Assignment –
The answer must restate the listing word for word, without its images.

Raw data –

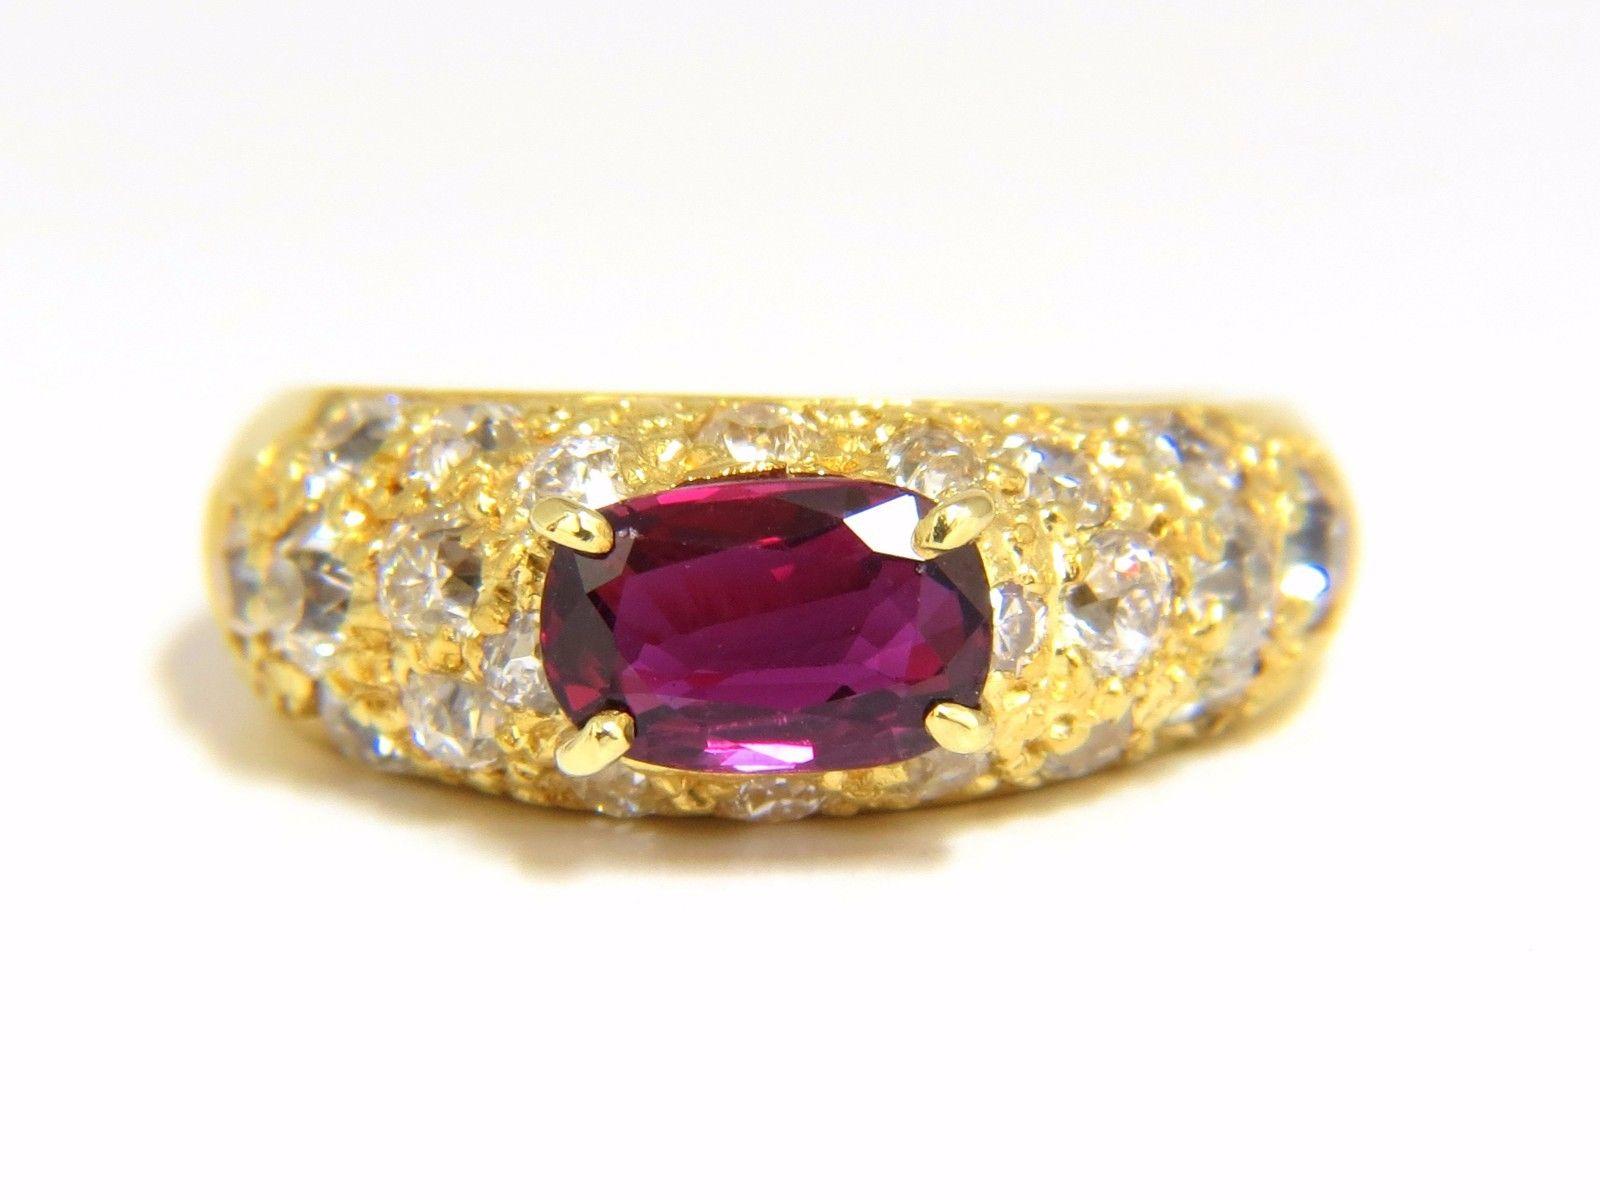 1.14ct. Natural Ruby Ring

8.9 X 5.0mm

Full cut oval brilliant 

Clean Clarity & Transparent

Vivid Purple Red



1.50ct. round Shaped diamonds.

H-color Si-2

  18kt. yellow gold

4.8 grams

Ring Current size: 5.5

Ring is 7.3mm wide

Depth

Completed exercise –
 1.14ct. Natural Ruby Ring

8.9 X 5.0mm

Full cut oval brilliant 

Clean Clarity & Transparent

Vivid Purple Red



1.50ct. round Shaped diamonds.

H-color Si-2

  18kt. yellow gold

4.8 grams

Ring Current size: 5.5

Ring is 7.3mm wide

Depth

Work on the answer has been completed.